Leveraging Deduplication to Streamline Information Management – From ROT Clean Up to eDiscovery

By Ed Moke

Whether you’re undertaking a data profiling project to understand the data across the enterprise, preserving legacy data from backup tapes, or collecting data for an eDiscovery event, the ability to identify and manage duplicate content is extremely important and powerful to the success of any of these initiatives.

Why Deduplication Matters?

Many tools use deduplication to filter and cull irrelevant data. Duplicates can represent up to 30% of what exists on corporate networks and up to 95% on legacy backups. Many tools use very simplistic metadata analysis, which can easily miss large volumes of content making the discovery and classification task more complex and time consuming. Without comprehensive and customizable deduplication technology your task of finding and managing data to support migration and governance will be complex.

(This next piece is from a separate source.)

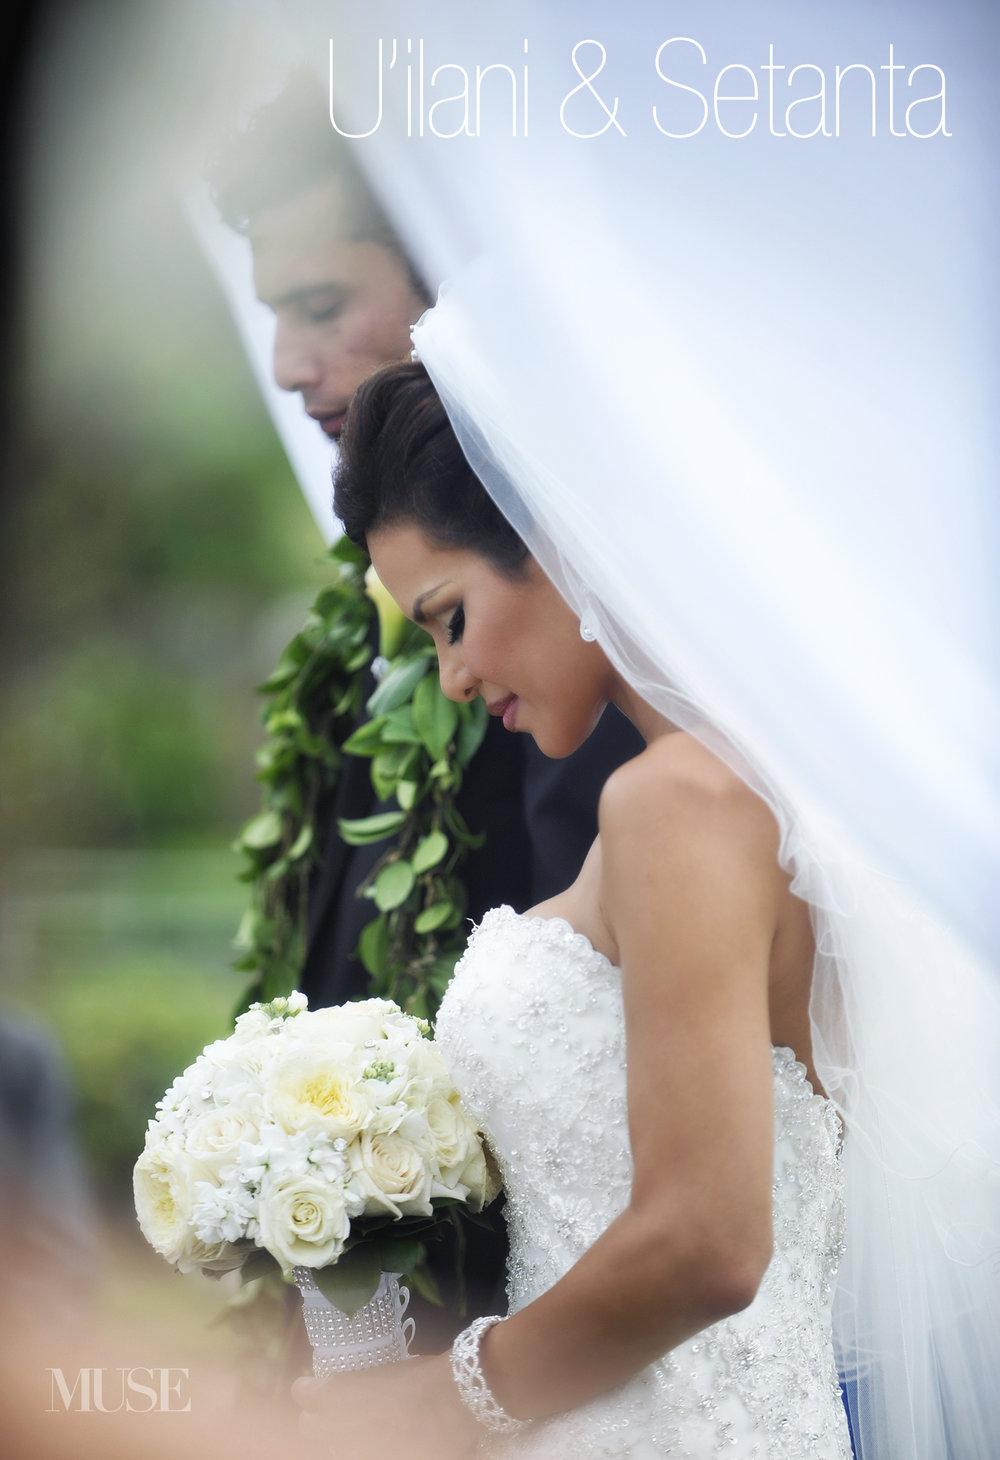 MUSE Bride Lookbook - Brides . U'ilani

Index Engines provides comprehensive and flexible deduplication features. These features can adapt to the task at hand. In some cases it may be important to utilize metadata deduplication, while others the use of more comprehensive MD5 hashing is required. Either way Index Engines provides deduplication options to support the task at hand.

Configuring the Deduplication Method

Index Engines deduplication functionality is fully customizable and empowers users to adapt the deduplication method to a specific workflow. To start, let’s first talk about the various properties that can be used to identify duplicates and how Index Engines implements those methods.

The set of parameters available are as follows:


The user can select one or many items to use as the deduplication method. The customer workflow and level of indexing will allow the user to customize a deduplication method to achieve the desired outcome. The ‘Path’, ‘Size’, ‘Filename’ and ‘Modification Time’ are the metadata properties of the file from the filesystem.

When indexing data from tape, backup or network data, Index Engines calculates a MD5 signature of each file that is stored in the index. When selecting ‘Content’ for deduplication this MD5 signature is used for deduplication. ‘Message id else Content’ is an option for users working on a project that has both email and loose file. This option will deduplicate email data using the internal Message ID within the individual emails and the content signature for non-email files.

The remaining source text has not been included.